In short the two basic components of salary which should be treated as salary for the purpose any Act concerned are the Basic wage and the Dearness Allowance. It is accordingly that the appropriate authorities under the Minimum Wages Act fix the minimum rates of wages. As such there is expected to have a basic rate of wage and a dearness allowance variable according to changes in the consumer price index. However, in many establishments the practice of paying variable dearness allowance (VDA) is not present. They pay under different heads like, Basic, HRA, and Conveyance etc. Under such pay scales, the only component which qualifies all the tests of a statutory salary would be basic salary.

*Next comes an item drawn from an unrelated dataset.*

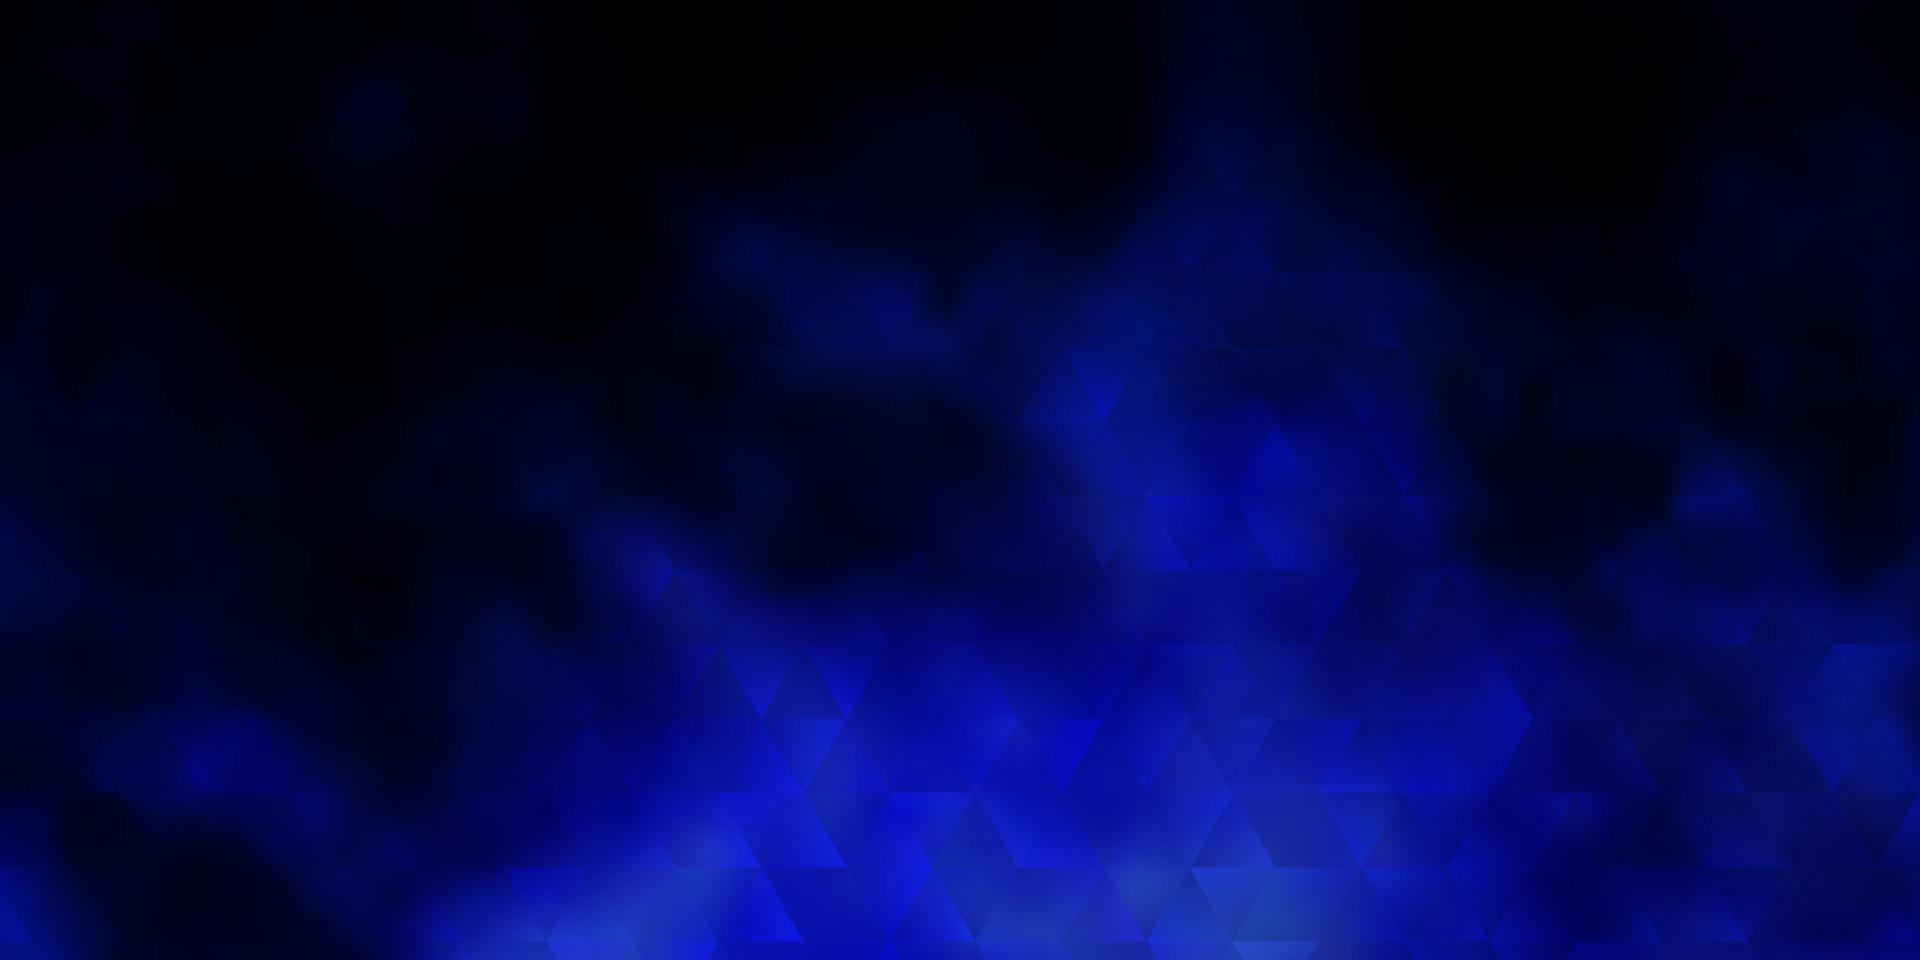 plantilla de vector azul oscuro con cristales, triángulos.

This is often done with a view to reducing the employer’s burden of payment of bonus, gratuity, provident fund contribution etc.
However, the stand taken by the EPFO and the position stated in the clarification, does not appear to be consistent with law and may be tested in a court of law, leading to more litigation on this issue. This is in view on some of the points as mentioned below;
a. The EPF Act, being a standalone law, does not prescribe in section 2(b) that the basic wages should be equal to the minimum wages. Moreover, if that was indeed the intention of the legislature, instead of providing a separate definition of basic wages under the EPF Act, it would have cross referred to the definition of wages under the MWA, since the EPF Act was enacted much after enactment of the MWA.

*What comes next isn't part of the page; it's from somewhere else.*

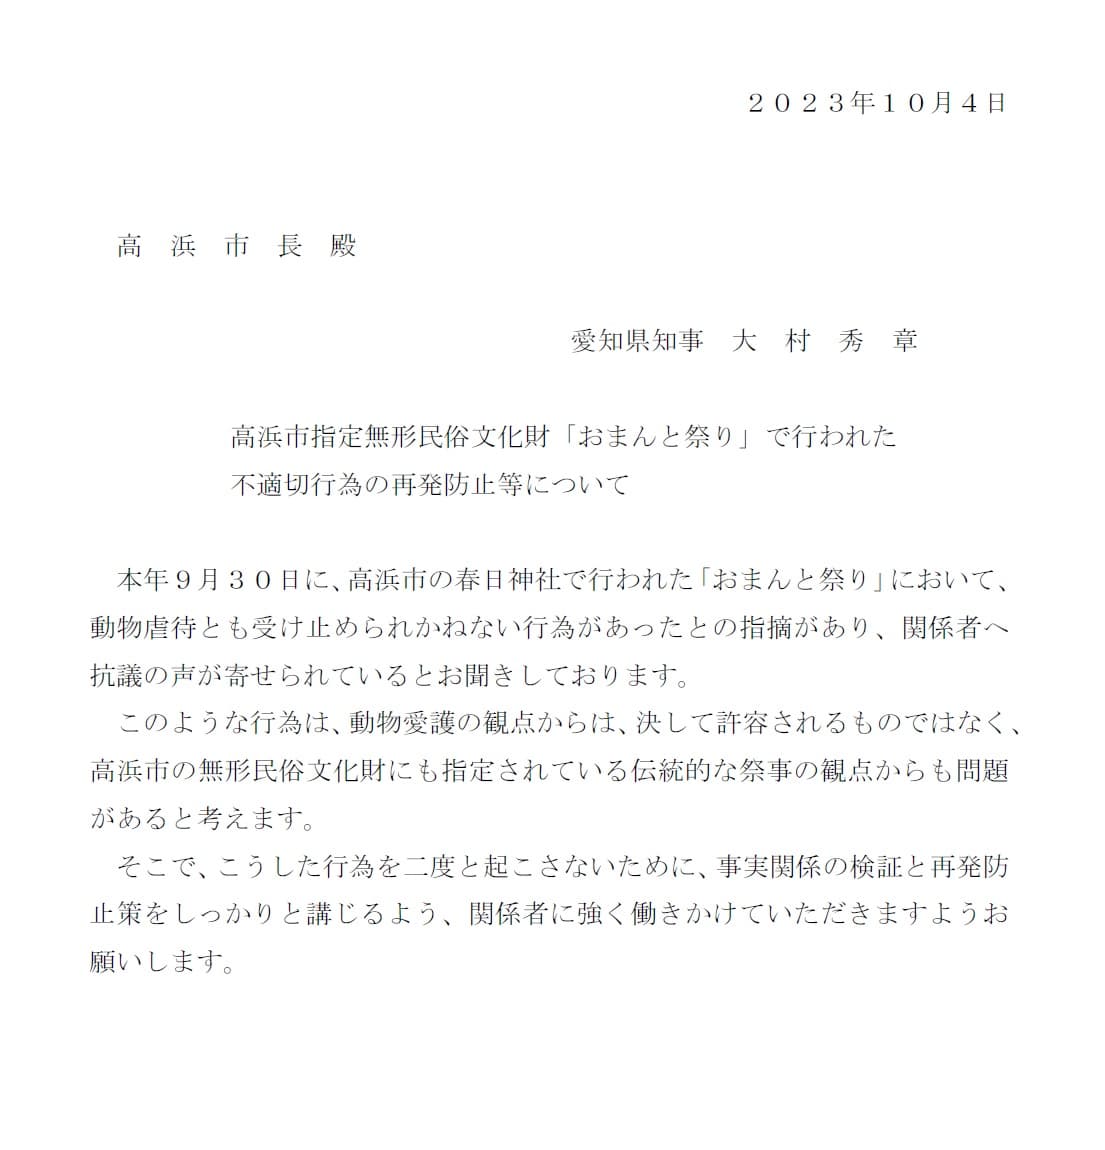 大村秀章愛知県知事から、「高浜おまんと祭り」関係者や高浜市長に対して注意喚起

b. The EPF Act is silent on the issue with regard to the percentage of the salary that may be deemed to be basic wages. As a matter of fact, there is no statute in India that prescribes the percentage of basic wages and/or of any allowance. Accordingly, an employer can under the employment contract indicate the amount of basic wages (besides the other allowances) that shall be payable, as long as the employer ensures that the employee receives at least the minimum amount of wages as prescribed under the MWA.
c. The MWA does not contain a separate definition of basic wages. Infact, while the definition of wages under the MWA includes House Rent Allowance (“HRA”), the definition of basic wages under EPF Act specifically excludes HRA - therefore there does not appear to be any co-relation between ‘wages’ under the MWA and ‘basic wages’ under the EPF Act.
d. The judgment on this subject, being that on the Punjab and Haryana High Court in the case of Assistant Provident Fund Commissioner, Gurgaon vs. G4S Security Services (India) Ltd & Anr. (2011 LLR 316 (P&H HC) has permitted the employer to split the minimum wages for the purposes of PF contributions. Unless the superior Court decision in future overturns this judgment, this judgment shall continue to prevail for the present in respect of Minimum wages. This judgment also makes necessary references to some of the earlier judgments as have been referred in the Clarification. It is surprising to note that this judgment has not been referred to in the Clarification.
While concluding the contentious issue it can be stated that, if an allowance(s) is paid universally to all employees employed, such allowance (s) shall be treated as part of basic wages. The allowances provided must be justified and documented.